Reduce system and network maintenance tasks substantially. Functionally related hosts do not need to physically reside together to achieve optimal network performance.
Enhance security on your network by segmenting hosts that must transmit sensitive data.
For the most basic rSeries system configurations, you might create multiple VLANs. That is, you create a VLAN for each of the internal and external networks, as well as a VLAN for high availability communications. You then associate each VLAN with the relevant interfaces or LAGs.
Create VLANs from the webUI¶
You can create a VLAN and associate physical interfaces or LAGs with that VLAN. In this way, any host that sends traffic to an interface is logically a member of the VLAN or VLANs to which that interface or LAG belongs.
Steps to Create a VLAN:¶
Log in to the webUI using an account with admin access.

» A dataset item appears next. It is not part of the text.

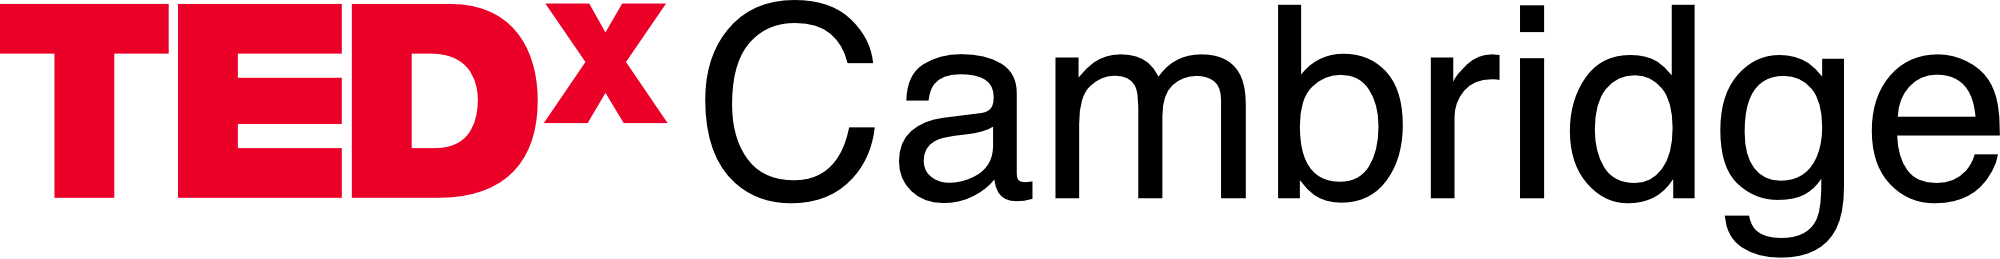 tedx-logo-header

On the left, click Network Settings > VLANs. The screen shows VLANs that are configured for the system.
Click Add.
For Name, enter a name for the VLAN.
Note: VLAN names must follow these rules: - Start with an alphabetic character (Aa-Zz). - Can be up to 56 characters in length. - After the first character, can contain alphanumeric characters, periods (.), hyphens (-), and underscores (_). - VLAN names must be unique.

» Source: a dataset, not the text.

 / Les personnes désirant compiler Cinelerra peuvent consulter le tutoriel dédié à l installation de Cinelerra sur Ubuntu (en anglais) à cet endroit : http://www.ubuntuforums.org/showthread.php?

For VLAN ID, enter a number between 1-4094 for the VLAN. The VLAN ID identifies the traffic from hosts in the associated VLAN for an associated interface or LAG.
Click Save & Close to create the VLAN. You can also click Save & Create Another, to save the current VLAN and create a new VLAN.
The VLAN is created and displayed in the VLAN list. You can use the VLANs when configuring interfaces, creating LAGs, and deploying tenants (one VLAN can be shared by more than one tenant).
VLAN Listeners Overview¶
VLAN listeners are created and deleted by the system at runtime. They are used to program the destination for broadcast packets and L2 destination lookup failures (DLFs).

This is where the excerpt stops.